From mboxrd@z Thu Jan  1 00:00:00 1970
From: Alex Zhuravlev <Alex.Zhuravlev@sun.com>
Date: Thu, 05 Jun 2008 16:27:27 +0400
Subject: [Lustre-devel] some thoughts on COS
Message-ID: <4847DBAF.5020001@sun.com>
List-Id: <lustre-devel-lustre.org>
MIME-Version: 1.0
Content-Type: text/plain; charset="us-ascii"
Content-Transfer-Encoding: 7bit
To: lustre-devel@lists.lustre.org

Hi,

I think it could be great if we can use LDLM for COS. at the very first view
it looks possible:
1) each server lock is tagged with client unique id (uuid/export addr/etc)
2) mds registers own blocking AST function
3) locks to be used rep-ack's aren't released upon ACK, only upon commit
4) whenever conflict is observed by LDLM at enqueue time, MDS's blocking AST
    function is called and depending on whetner conflicting locks are taken on
    behalf same or different clients, the function issues sync causing commit
    and old lock to be released later

but one use case isn't that obvious. it's OK when first lock L1 was from client
C1 with PW mode and new lock is also from C1/PW. but then we have a situation
with same client, but locks are PW then PR:
1) we wouldn't want to sync just because client does mkdir a; touch a
2) thus we have to grant PR lock (so, first problem - sometimes PW and PR doesn't
    conflict?)
3) if we cancel PW to grant PR, then we'd have to make this PR conflicting with
    any PR coming from different client?
4) changing PR to PW in order to inherit state? (client side doesn't expect such
    locks_

all of this doesn't sound like a good solution, IMHO. at least it'd require serious
changes in LDLM while we're talking about 1.6/1.8 ... so we need another way.

probably we could re-use VBR as each inode change goes with new persistent version
and version is numerically equal to transno, comparing inode's version with last
committed transno we can learn whether the inode is committed?

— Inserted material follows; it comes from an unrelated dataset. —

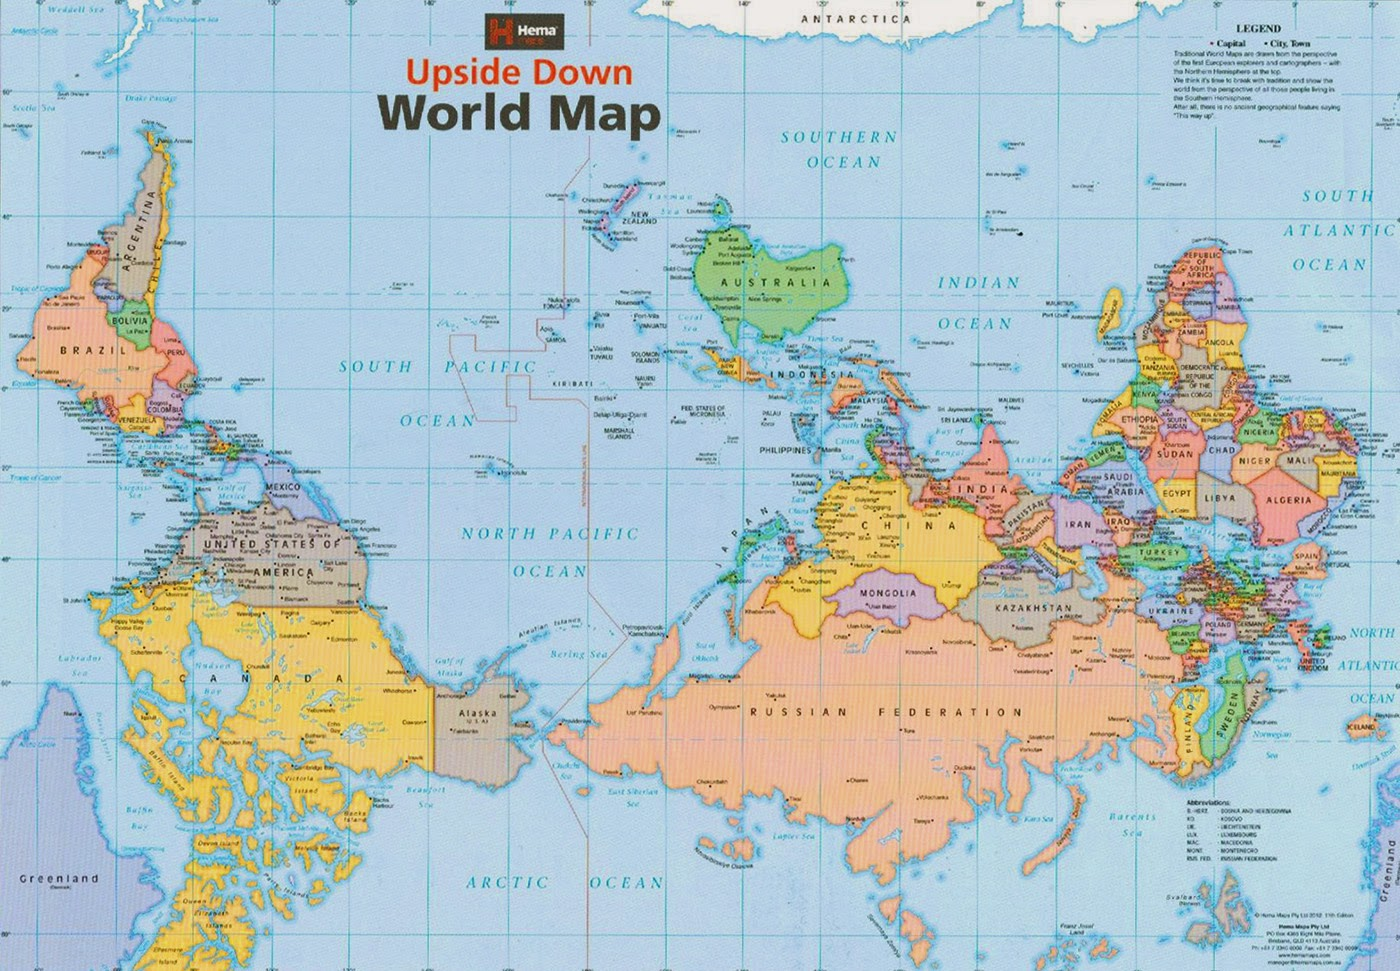 карта мира взгляд из Австралии

next problem is to learn source of change, i.e. client. in the worst case all changes
are from different clients, thus every change means sync. but if we *cache* source
information we probably can avoid majority of syncs. IOW, we don't need to track
source all the time, it should be enough if we have this information most of time.
so, storing it in in-core inode is good enough probably. following this way we don't
need to care about inode's lifetime.

thanks, Alex